Voters in Detroit decided in Tuesday’s primary that incumbent Mayor Mike Duggan will face off against challenger Coleman Young II – the son of a former mayor – in this fall’s general election.
Duggan and Young were the top two vote-getters in a field of eight candidates. With 99 percent of precincts reporting, Duggan collected more than 43,000 votes, or 67 percent, while Young garnered more than 17,000 votes, or 27 percent, the Detroit Free Press reported.
Duggan outspent Young by about $1.6 million to about $22,000. But Young had strong name recognition, being the son of Coleman Young, the city’s first black mayor, who was elected in 1973 and served for two decades. The elder Young died in 1997.
“Thank you, Detroit,” Duggan told a packed crowd at a hotel. “I saw the numbers come in and it was just overwhelming.”
The disparity in their campaign budgets meant Young needed to rely on his late father’s reputation and on coverage of media events, rather than expensive advertising.
Duggan, 59, became Detroit’s first white mayor in 40 years when he was elected in 2013, in a city whose population is more than 80 percent black. During his first term he has been credited with restoring routine trash collections, relaunching street sweeping and making Detroit the nation’s first big city to install an all-LED (light-emitting diode) streetlight system, the Free Press reported.
But Duggan said that much work remains to secure a win in the general election.
“While the election results are strong ... we’re not taking anything for granted,” he said. “We’re going after every single vote. This fall I’m going to talk to the people of Detroit. ... You’re not going to hear me attack my opponent, I’m not going to do it.”

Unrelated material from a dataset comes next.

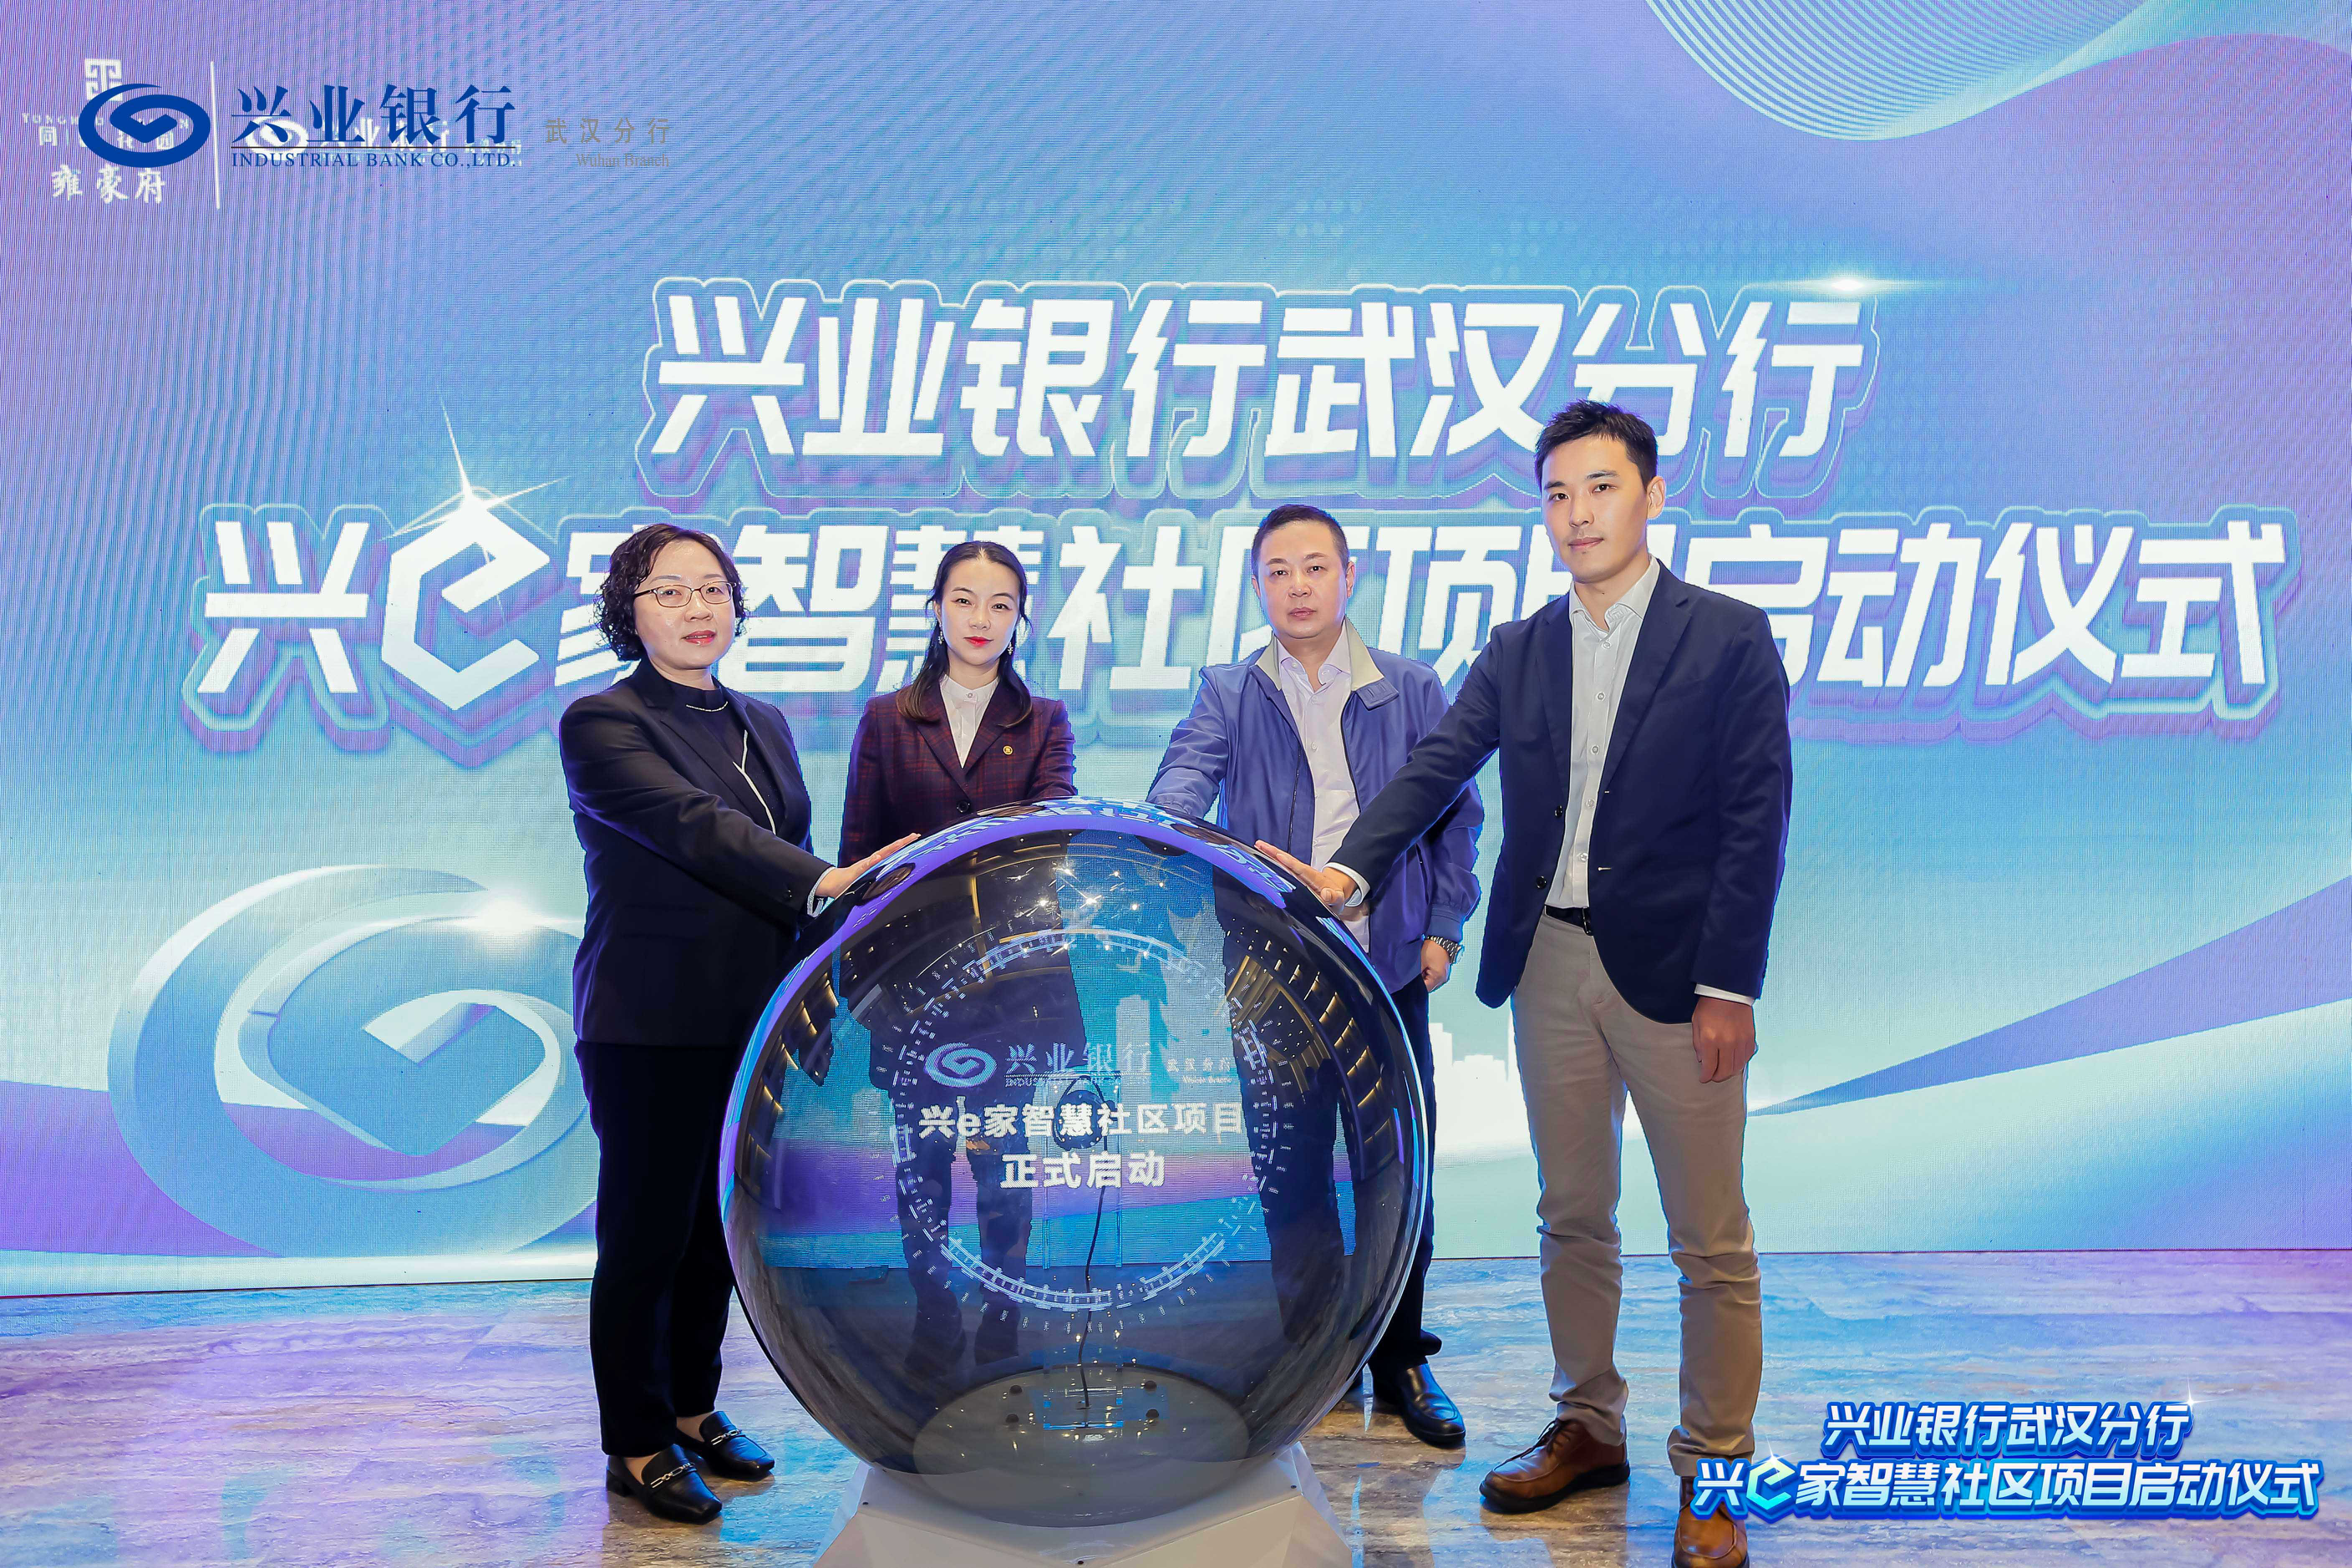 兴业银行首家智慧社区项目在汉正式启动

Meanwhile, Young, 34, has accused Duggan of neglecting the city’s poor while attracting new investment in the city’s Downtown and Midtown neighborhoods.
On Tuesday, Young gave his supporters credit for his second-place finish, the Free Press reported.
“We have worked, we have sweat, we have bled, we have fought and now we are here,” Young said. “We are standing on the shoulders of our ancestors, of our grandparents, our parents … as we take this city back for the people.”
The six other candidates — Danetta Simpson, Donna Marie Pitts, Curtis Christopher Greene, Edward Dean, Angelo Brown and Articia Bomer — each garnered less than 1 percent of the vote as of late Tuesday.
This story includes reporting from the Associated Press.